* _Work task_
The records below must be reproduced exactly, excluding any pictures.

[Items from a dataset]

◇ ◇ ◇ ◇ ◇

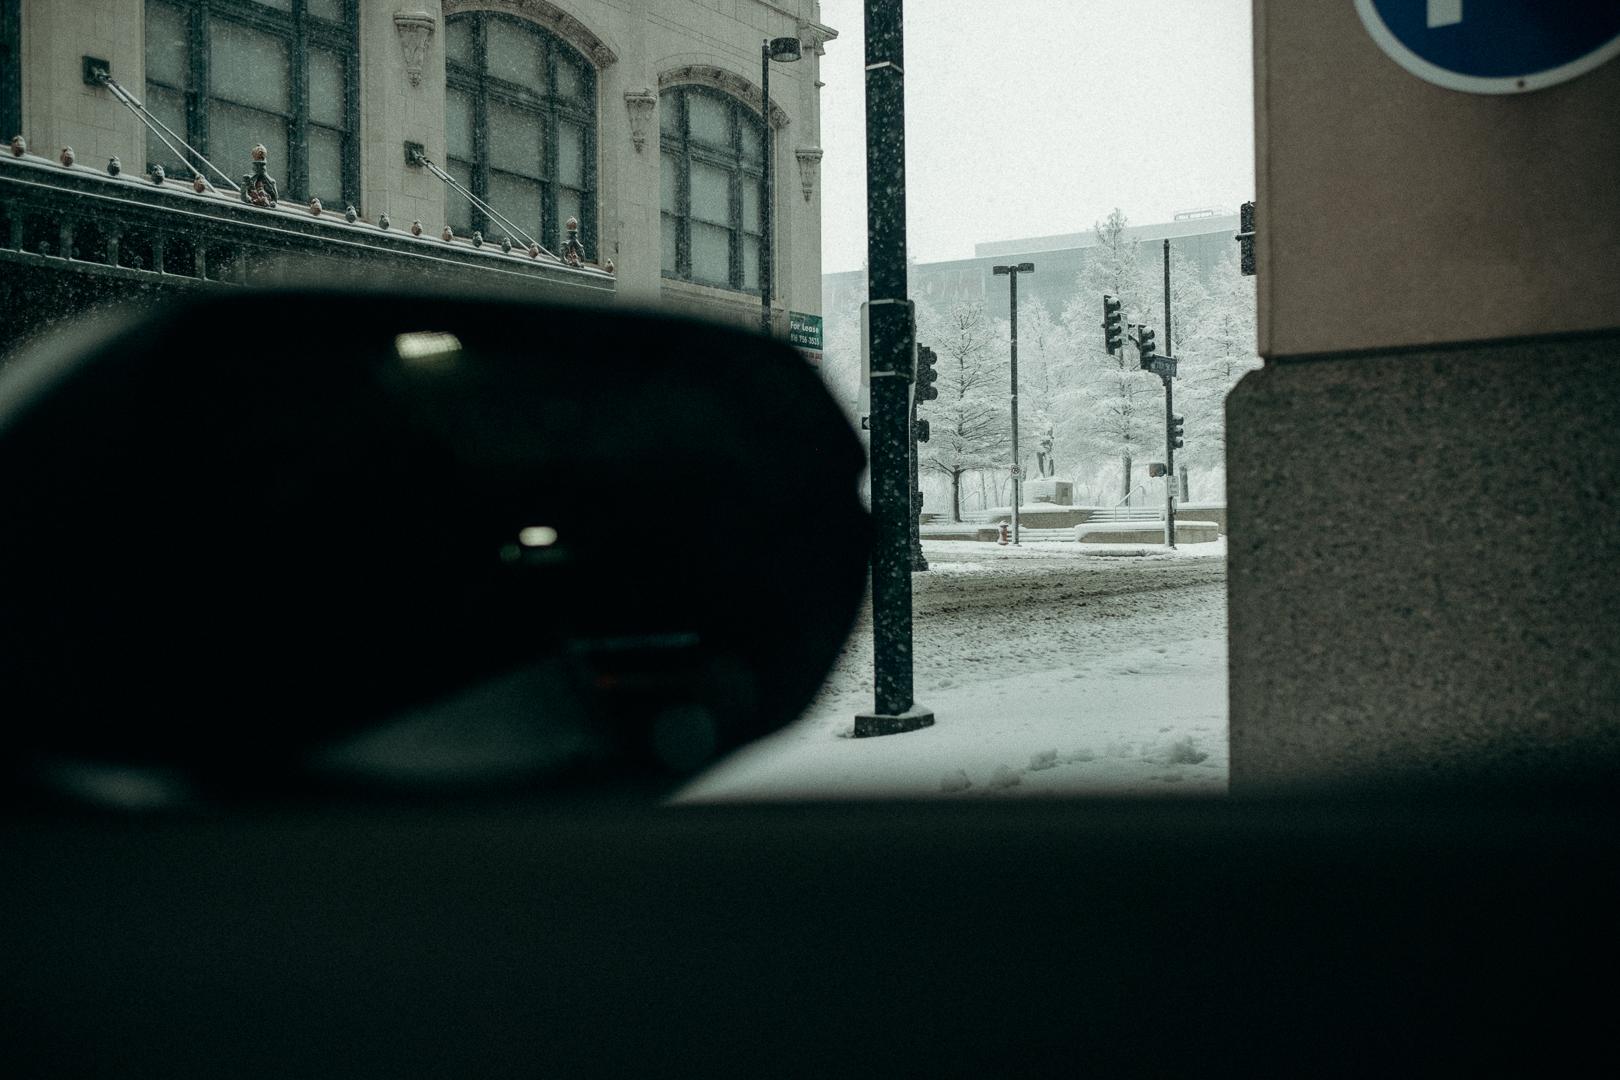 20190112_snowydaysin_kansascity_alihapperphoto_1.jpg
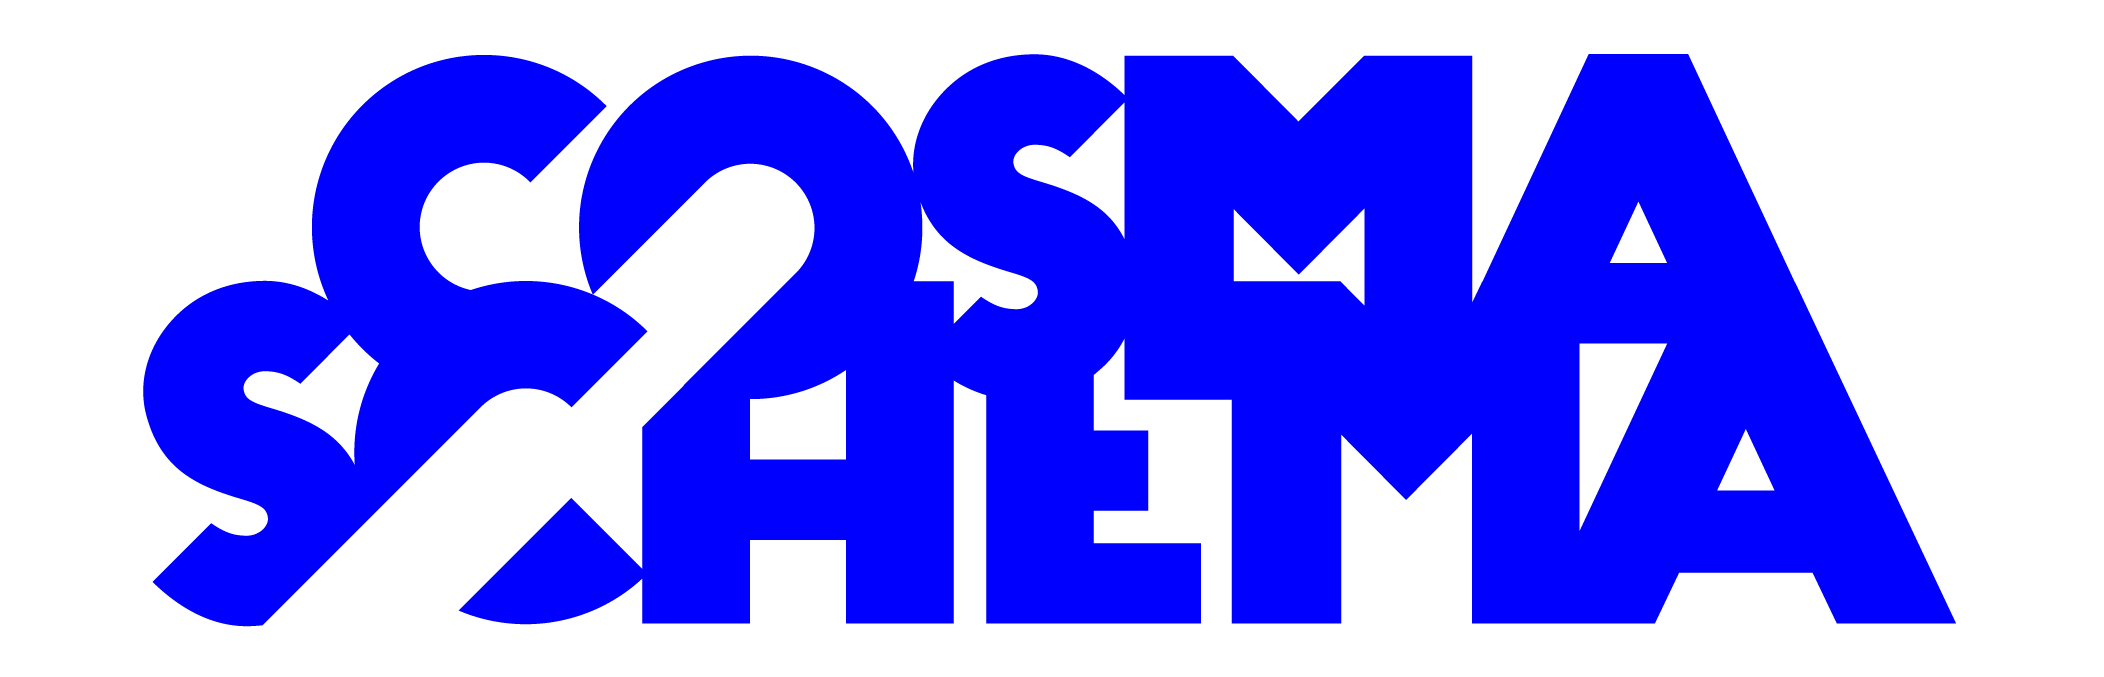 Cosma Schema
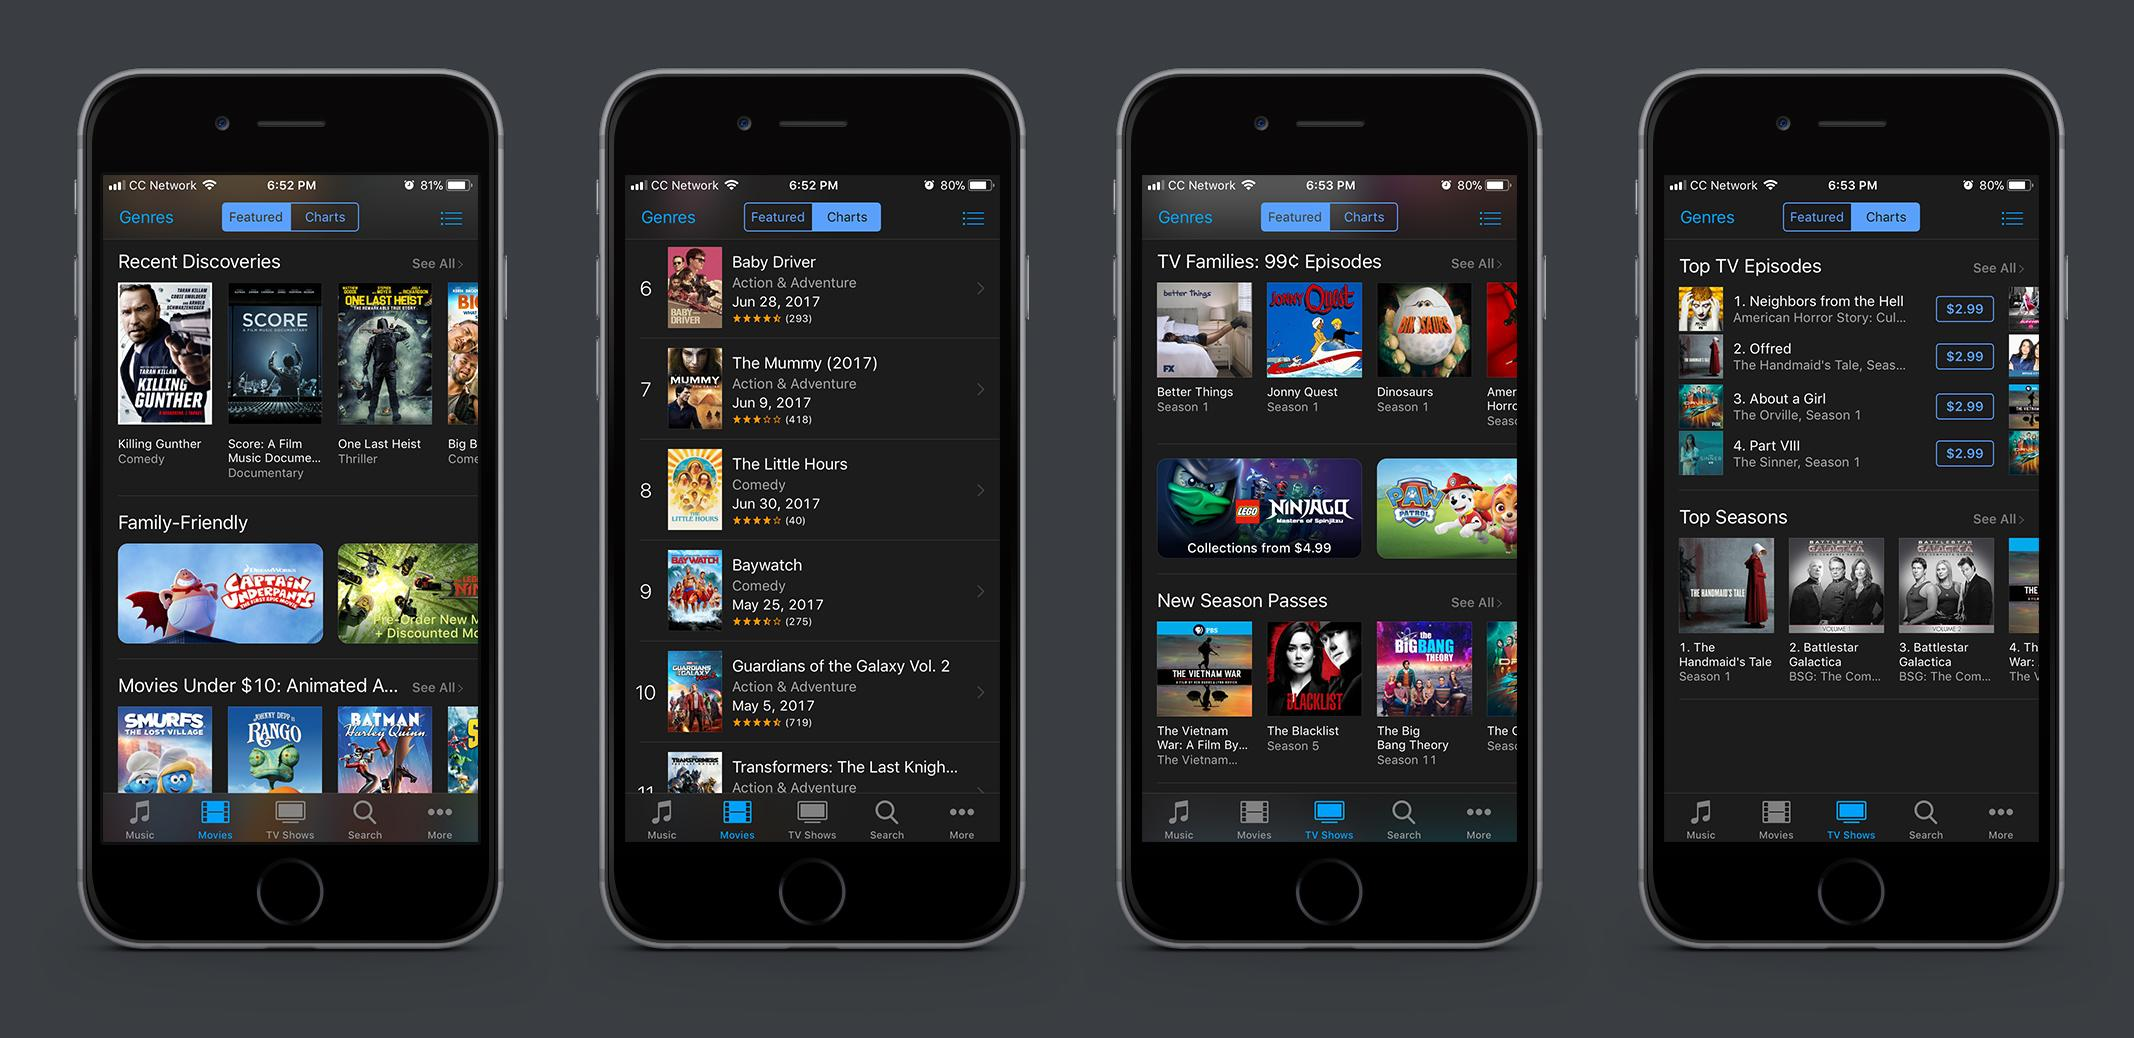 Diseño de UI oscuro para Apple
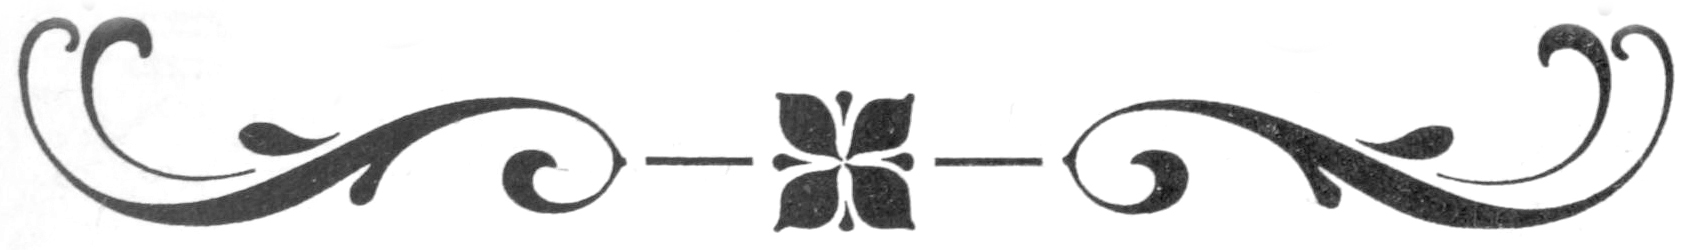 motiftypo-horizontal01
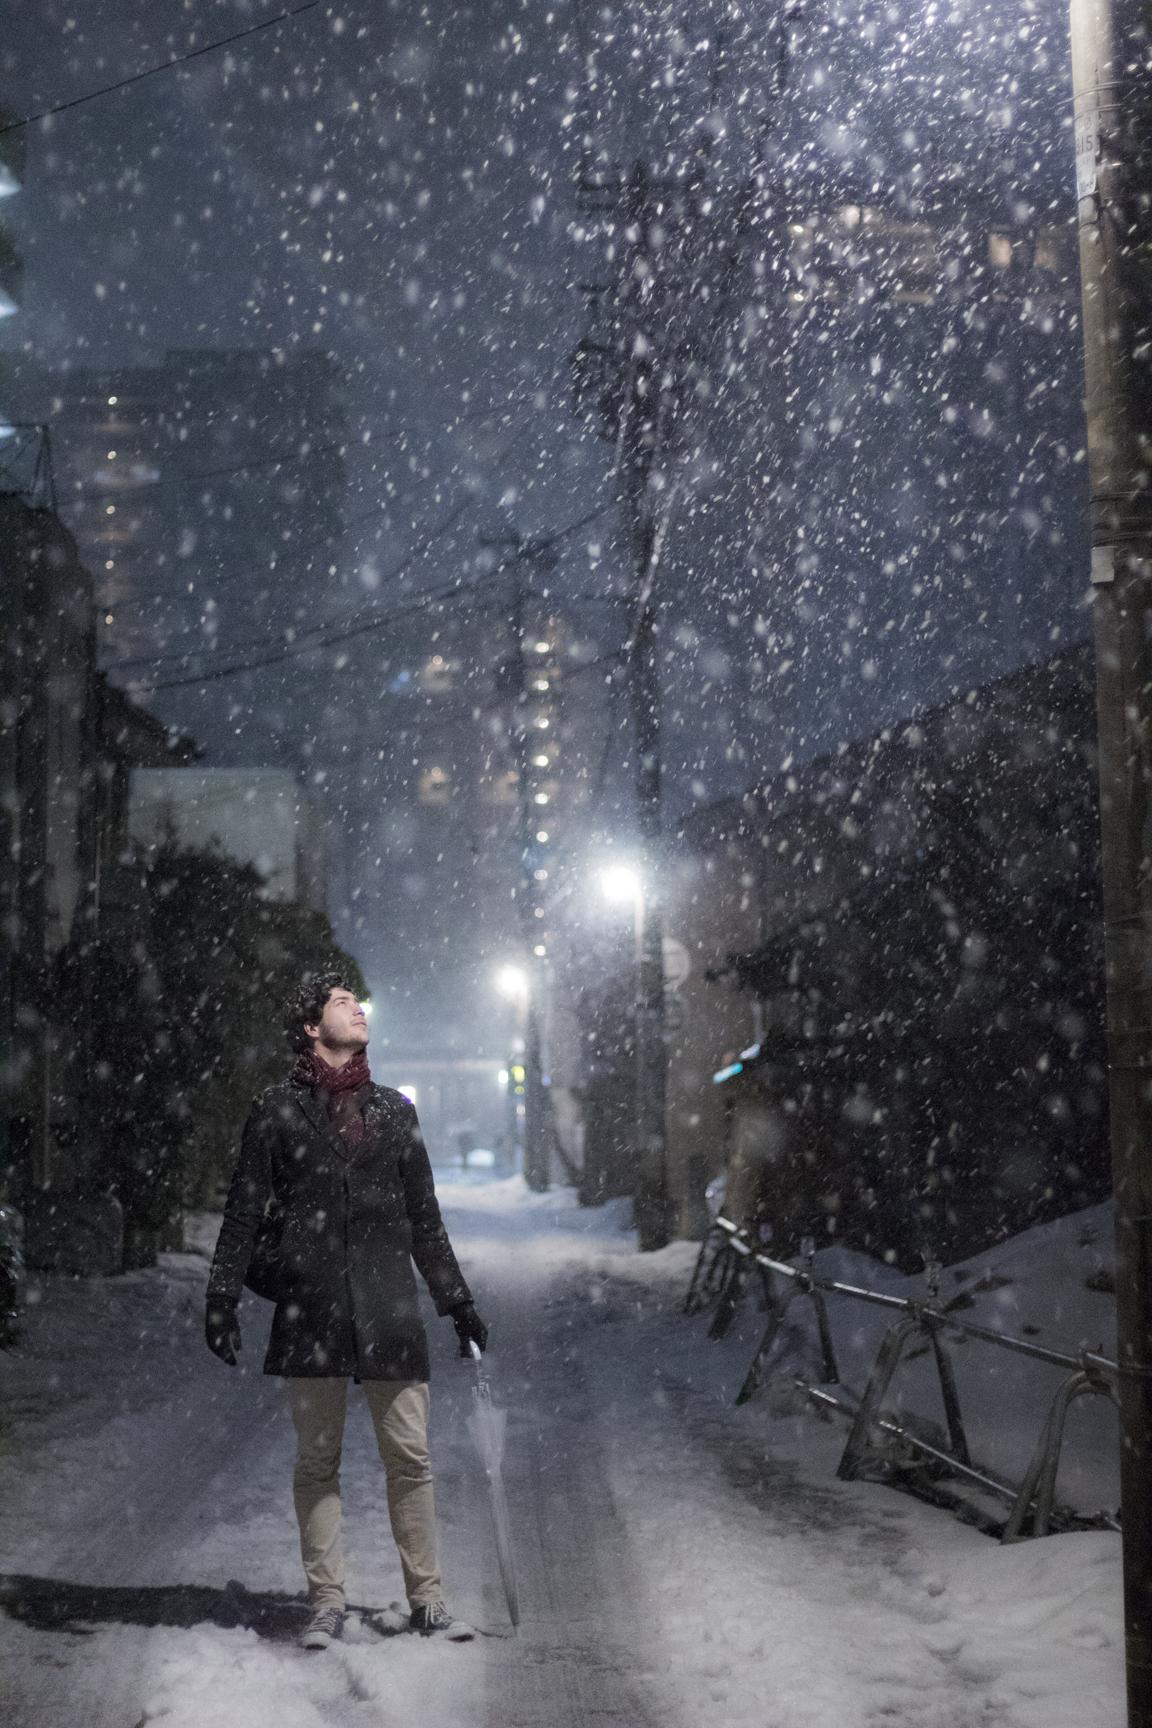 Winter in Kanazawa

◇ ◇ ◇ ◇ ◇

* _Finished exercise_
 20190112_snowydaysin_kansascity_alihapperphoto_1.jpg
 Cosma Schema
 Diseño de UI oscuro para Apple
 motiftypo-horizontal01
 Winter in Kanazawa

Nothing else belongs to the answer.